Настроение заметно поднялось. Вечер, который я так долго ждала и на который возлагала большие надежды, теперь не казался таким уж дрянным. «Да, мальчишки, они такие. Танцы – это не для них. Им бы постоять в сторонке. Так что все нормально. Сейчас, когда все разогрелись, смущение отойдет на задний план, и Ярик подойдет ко мне».

– А сейчас, – диджей хохотнул в микрофон, – белый танец. Девушки наконец-то смогут пригласить на танец парней. Дерзайте!

И медленная композиция плавно сменила быструю. В зале наметилась общая растерянность. Кто-то спешил вернуться за стол, другие оставались, чтобы их кто-то пригласил, третьи без стеснения хватали того, кто рядом, и уже танцевали.

Я одна не двигалась с места. Борясь со смущением, оглядывала темный зал в поисках Ярика. И нашла его. Сейчас или никогда, решила я, нужно расставить точки над «i». Мы потанцуем, и все встанет на свои места даже без слов, потому что слова нам не нужны – и так ясно: я хочу быть с ним, а он со мной. Пришло время переступить через неловкость и просто быть вместе. Я медленно двинулась сквозь толпу.

А дальше как в замедленной съемке. Случайный поворот головы. Нет, не случайный: он ищет меня глазами и находит. Смотрит. Понимает, что я иду к нему. На мгновение я закрываю глаза и представляю, что расстояние между нами всего шаг – раз, и мы в объятиях друг друга. Открываю веки: он все еще передо мной. Иду.

Ни на кого не обращаю внимания. Все для меня исчезли, остался лишь Ярик. И он это понимает. Я напрягаюсь всем телом и ищу в его глазах одобрения… но его взгляд пуст.

Нет! В нем неловкость, страх, он вовсе не хочет, чтобы я подошла к нему сейчас.
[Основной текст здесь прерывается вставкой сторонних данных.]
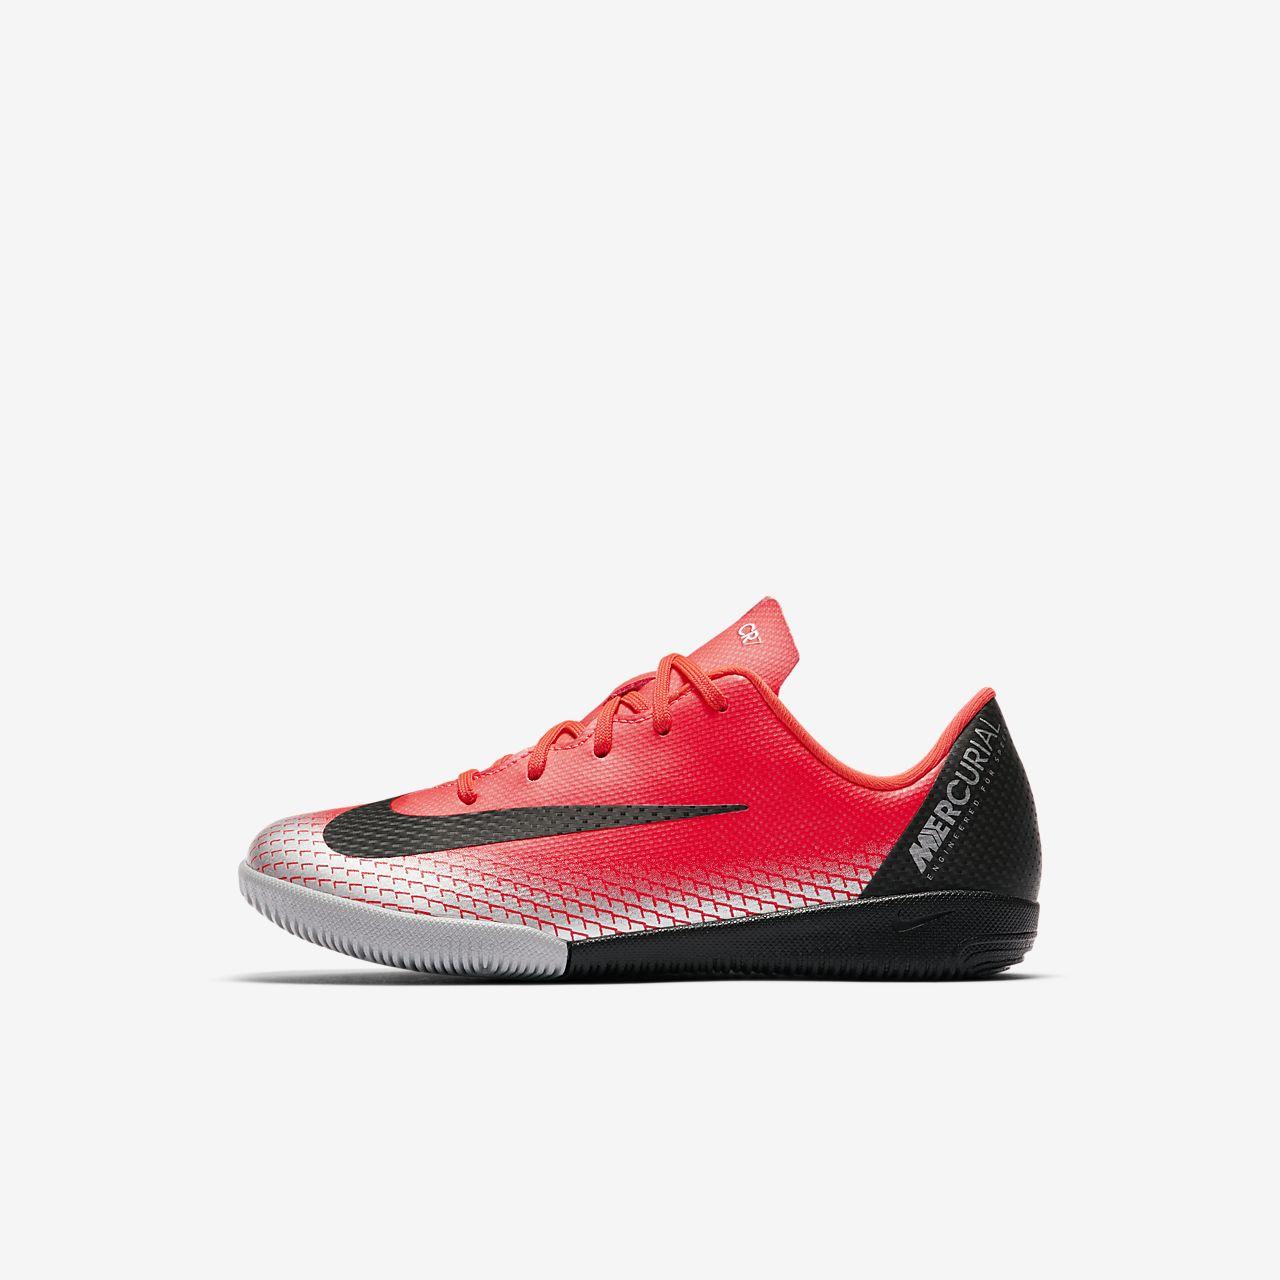 8bf4d87de ... Nike Jr. MercurialX Vapor XII Academy CR7 Younger Kids  Indoor Court  Football Shoe

Ярик на секунду отворачивается, а потом поворачивается снова – проверяет, не передумала ли я, не растворилась ли в воздухе, как мираж. Я вижу это, но уже не могу остановиться.
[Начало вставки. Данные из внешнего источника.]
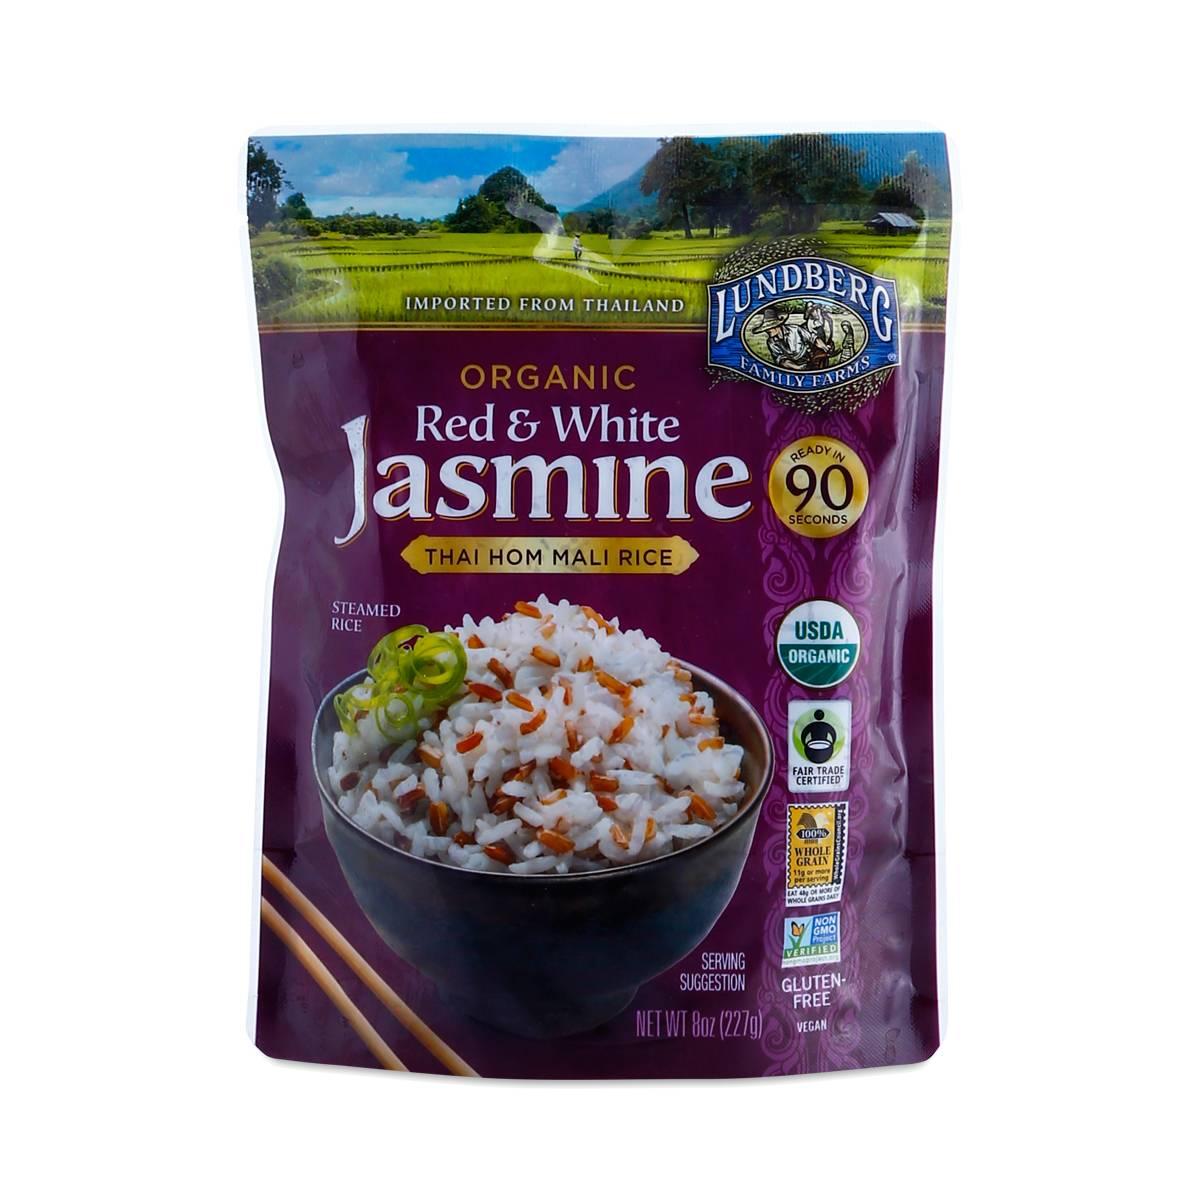 Organic Red & White Jasmine Rice by Lundberg Farms

– Дамы приглашают кавалеров! – засмеялся кто-то.

Я вижу, что Ярослав теряется. Он паникует, переминаясь с ноги на ногу и бросая короткие взгляды на приятелей. А потом… вцепляется в подошедшую к нему Янку, точно в спасательный круг. Она даже не успевает сказать ему, что хочет пригласить на танец: он хватает ее и прижимает к себе.

Спасается от меня. Мое сердце с треском падает вниз и разбивается об пол, а ноги все еще идут. Господи, останови меня! Зачем я это делаю? Зачем продолжаю идти к нему? Стой!

Янка смеется. Она готова танцевать, но Ярик не двигается. Смотрит на меня. В его взгляде мольба о прощении. Он бледен как никогда.

– Даш, ты что-то… ты хотела? – бормочет он, забывая порядок слов в предложении. И нервно дергает головой. – Я пока з-з-занят…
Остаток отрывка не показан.